Image Featurization Using Mistrained Caffe Models - Sotera/watchman GitHub Wiki
We use the BLVC Reference model (https://github.com/BVLC/caffe/tree/master/models/bvlc_reference_caffenet) to generate features for associating images with clusters. I have investigated ways to improve our results.
-
I investigated using the "PlacesNet" network rather than the BLVC network. This gave much worse results. My thinking was that the images of our events have a deeper field of focus that is more like the images fed into PlacesNet than the BLVC network. I also thought the "deeper" features needed for place recognition might be more like the distinction between a concert and a riot. However the conv3 layer of the PlacesNet was simply not highly activated by our images which effectively leads to random results at the "prob" layer of this network.
-
I investigated the conv3, fc7, fc8 and prob layers of the BLVC network for their potential as generic feature detectors.

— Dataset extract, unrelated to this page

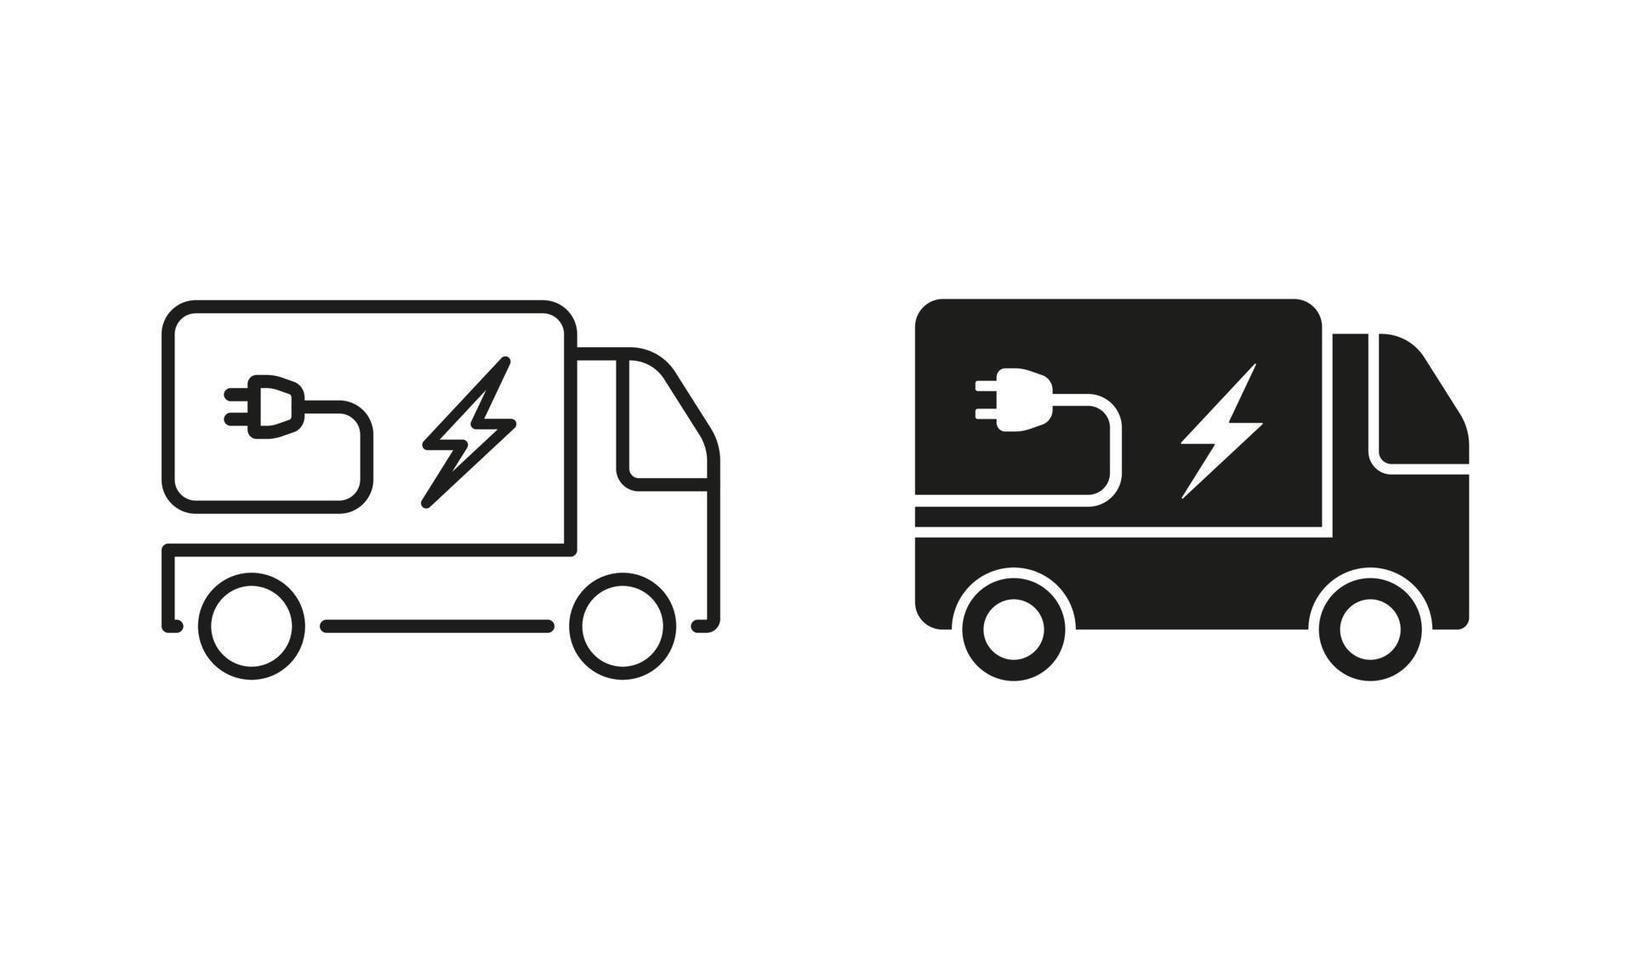 Vehicle Transport with Eco Green Electricity Power Line and Silhouette Icon Set. Electric Van Pictogram. Ecology Energy Truck Symbol Collection on White Background. Isolated Vector Illustration.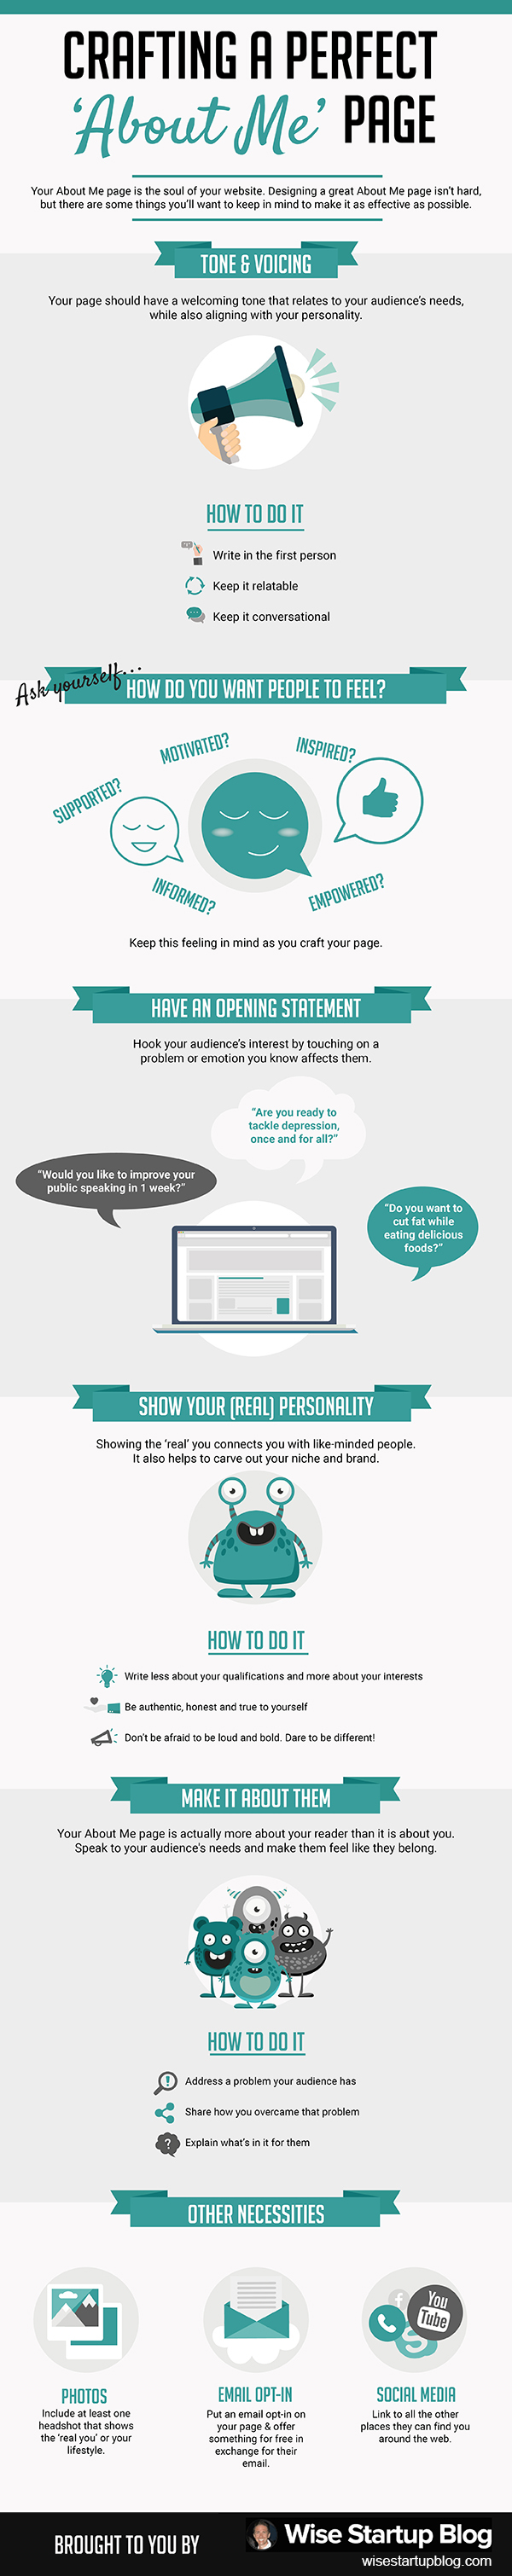 14-tips-to-create-the-perfect-about-me-page-for-your-website

a. conv3: This layer is essentially the layer that represents the 3rd order compound features of a given image. However there are over 20 layers between this layer and where training is enforced so activations at this layer can be non-discriminatory. I also struggled with how to aggregate the per-picture values of this layer into the cluster's vector.
b. fc7 and fc8: These are the layers just before the final prob layer. We initially used the fc7 layer. I used the same logic with both layers and got almost identical results from both layers.
c. prob: This layer is just the softmax function applied to the fc8 output. The softmax function drives the network to a decision by exponentially amplifying the differences in the fc8 output layer.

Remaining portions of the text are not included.